Data provided:
>>>>>

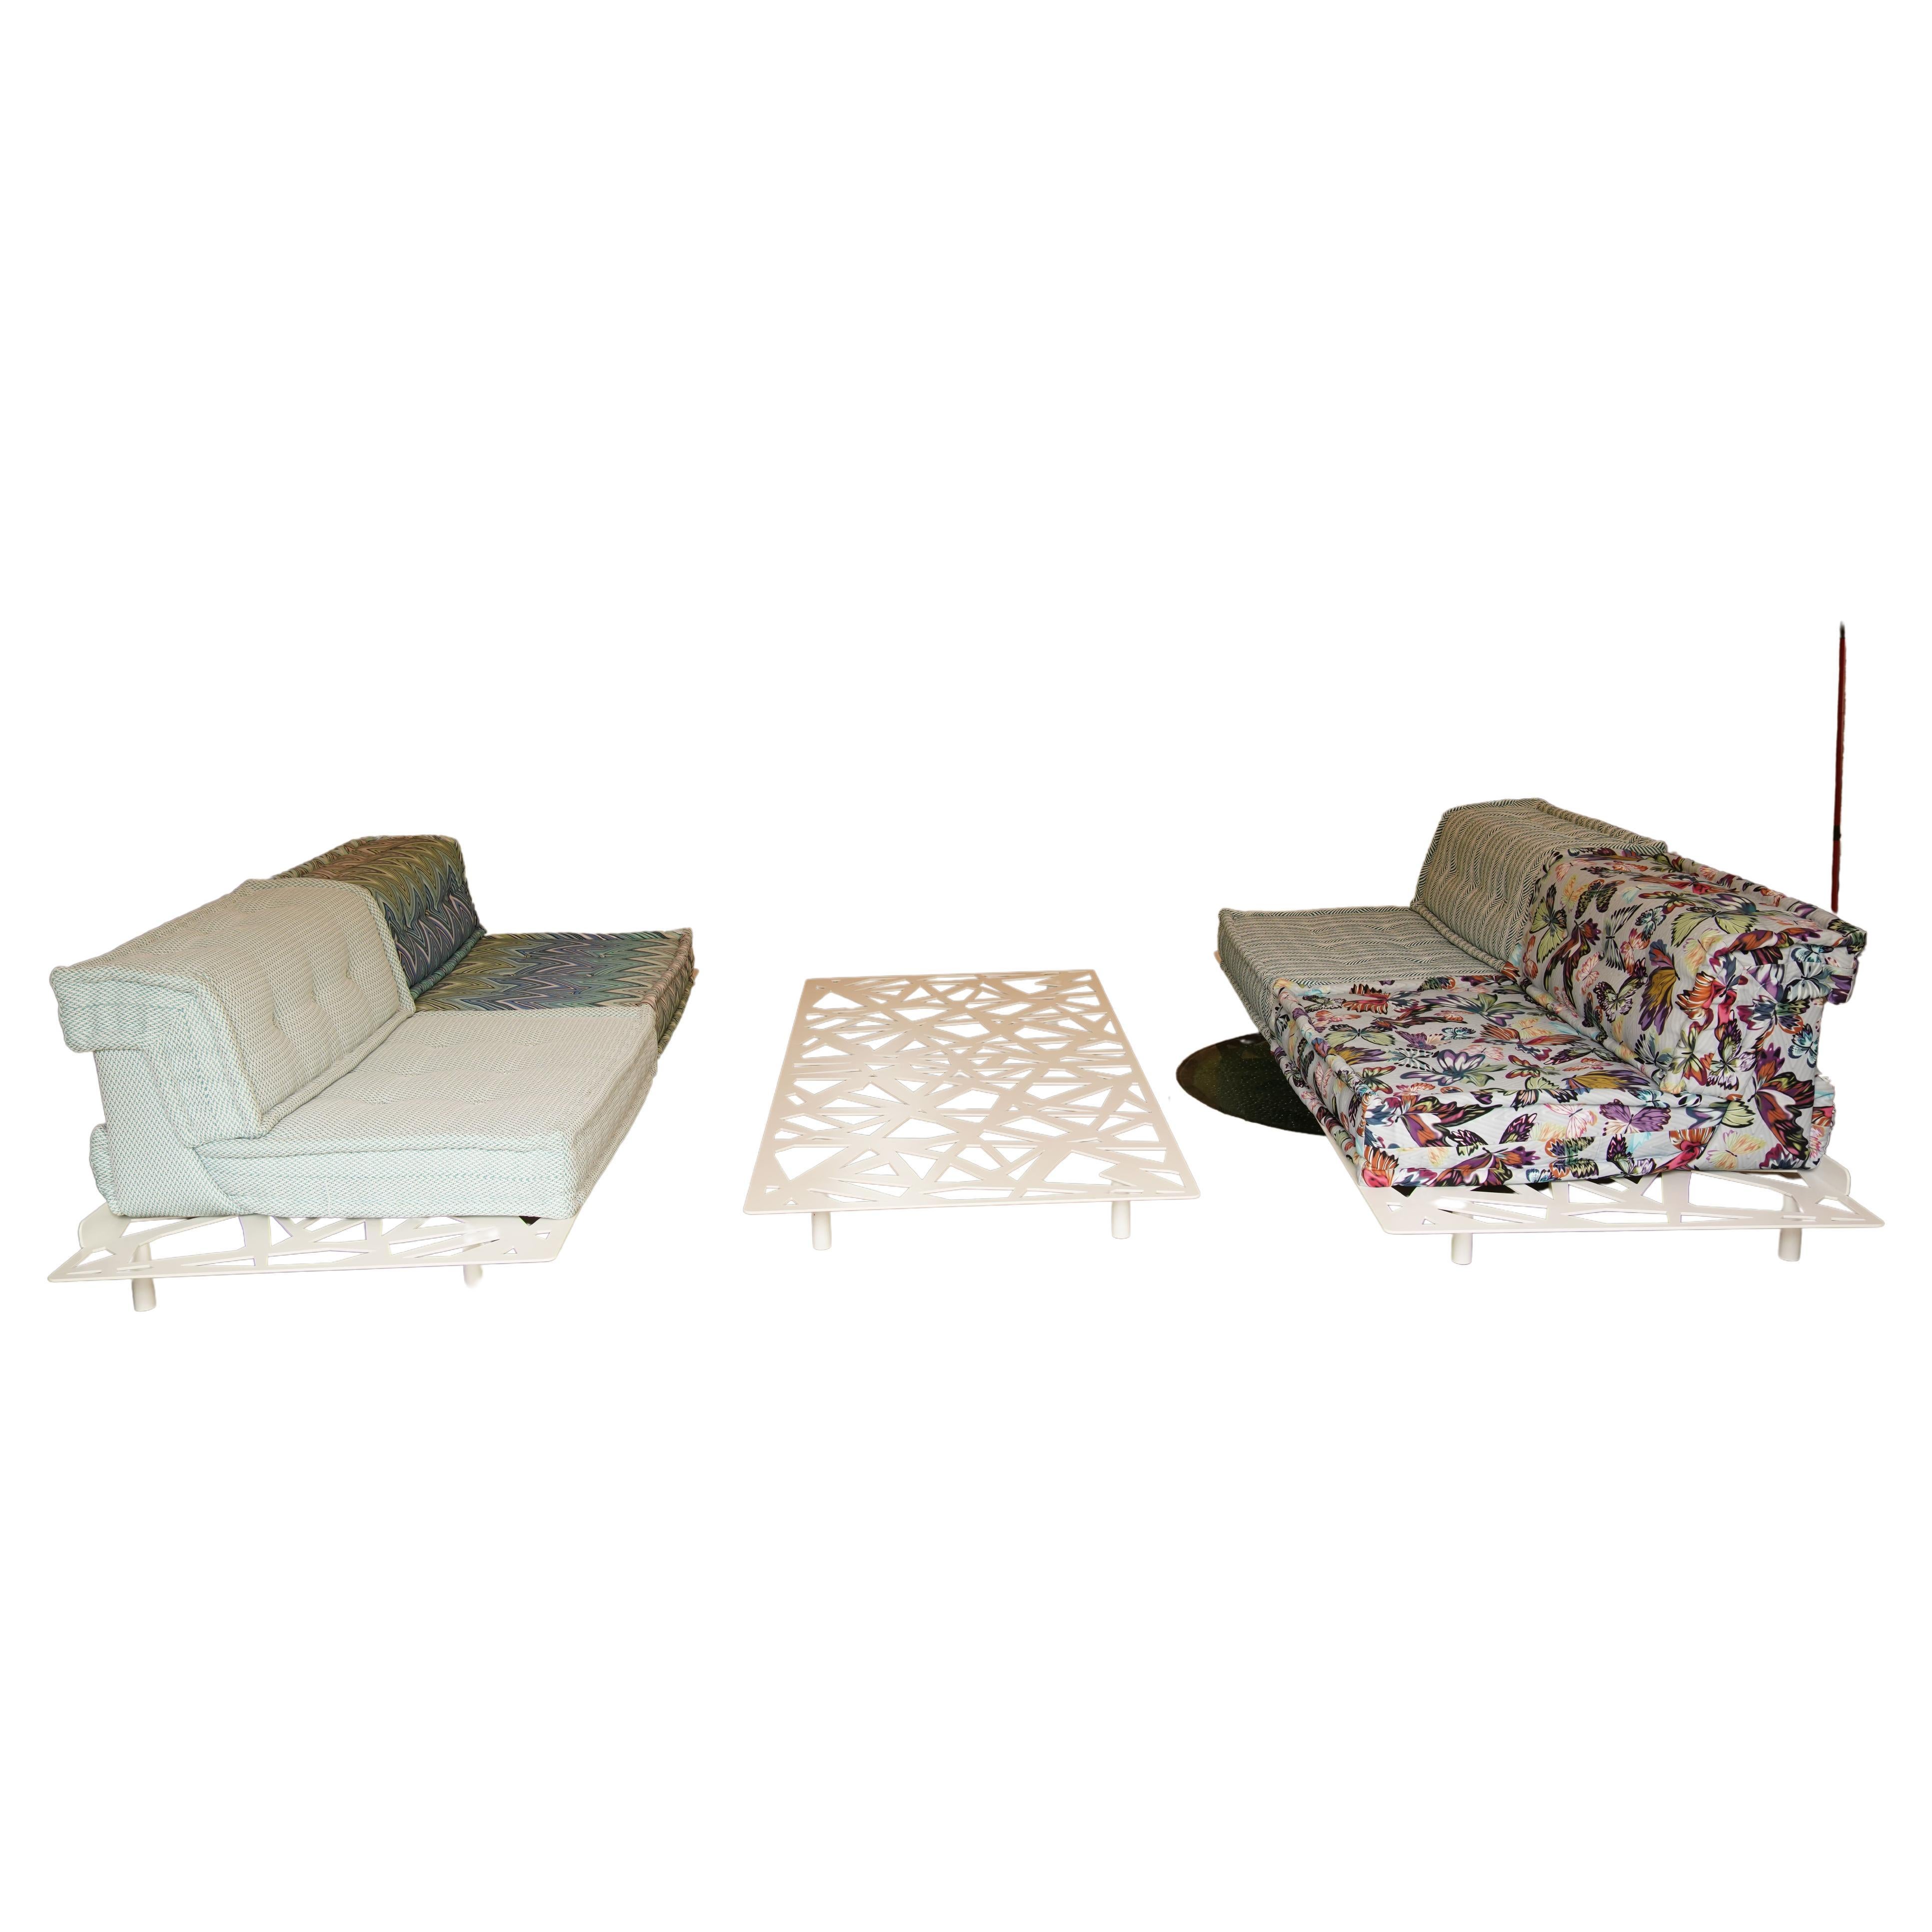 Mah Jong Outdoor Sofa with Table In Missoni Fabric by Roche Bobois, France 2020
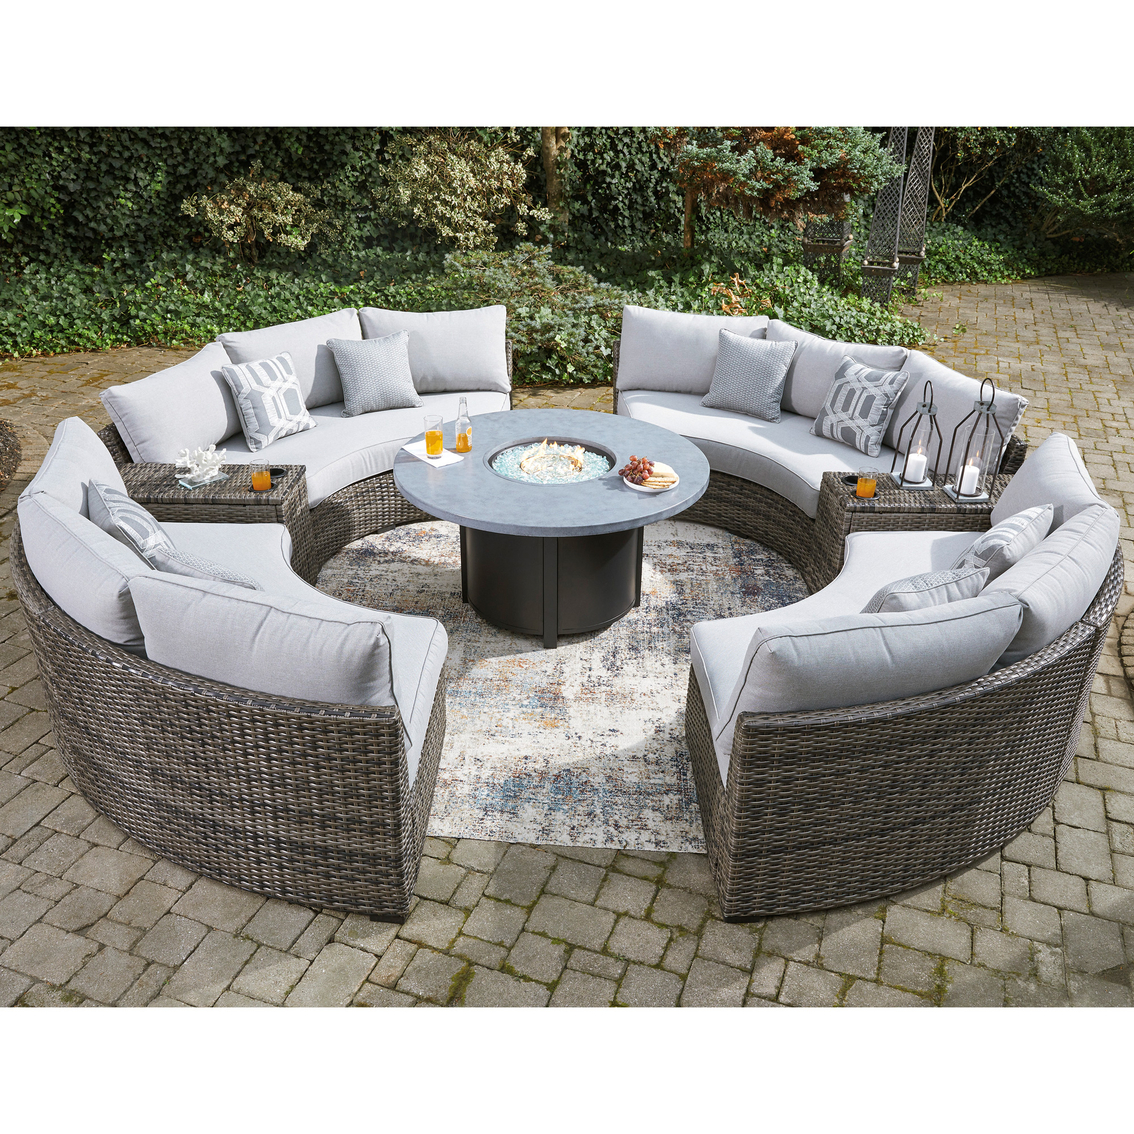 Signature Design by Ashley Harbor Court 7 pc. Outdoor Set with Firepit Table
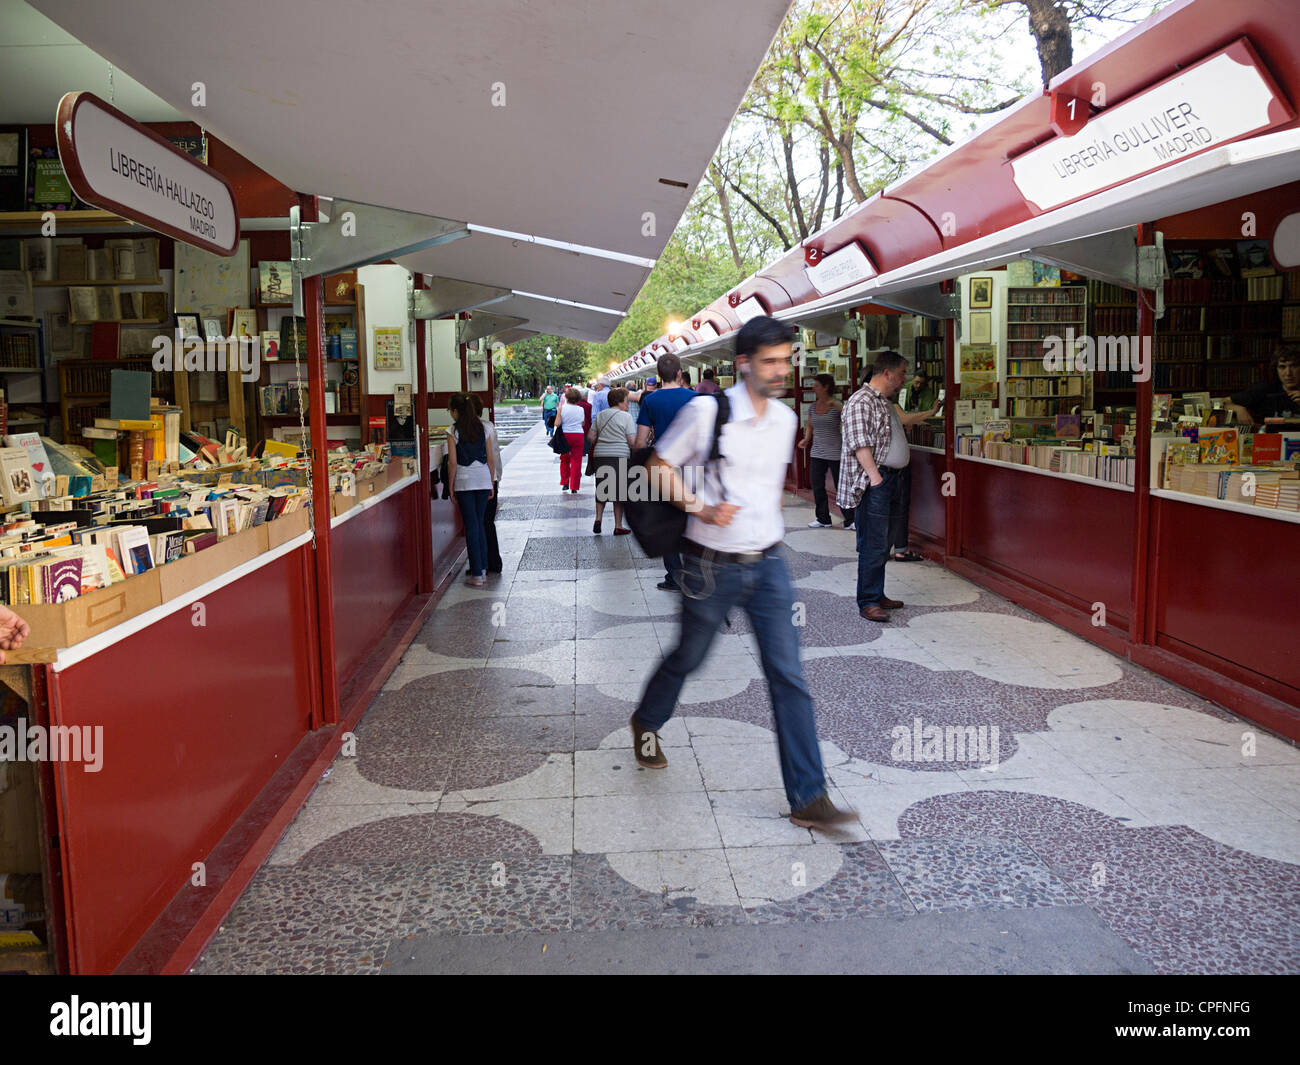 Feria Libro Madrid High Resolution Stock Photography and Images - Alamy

<<<<<

Activity:
The listing above, line by line: print it exactly, but not its pictures.

Expected answer:
 Mah Jong Outdoor Sofa with Table In Missoni Fabric by Roche Bobois, France 2020
 Signature Design by Ashley Harbor Court 7 pc. Outdoor Set with Firepit Table
 Feria Libro Madrid High Resolution Stock Photography and Images - Alamy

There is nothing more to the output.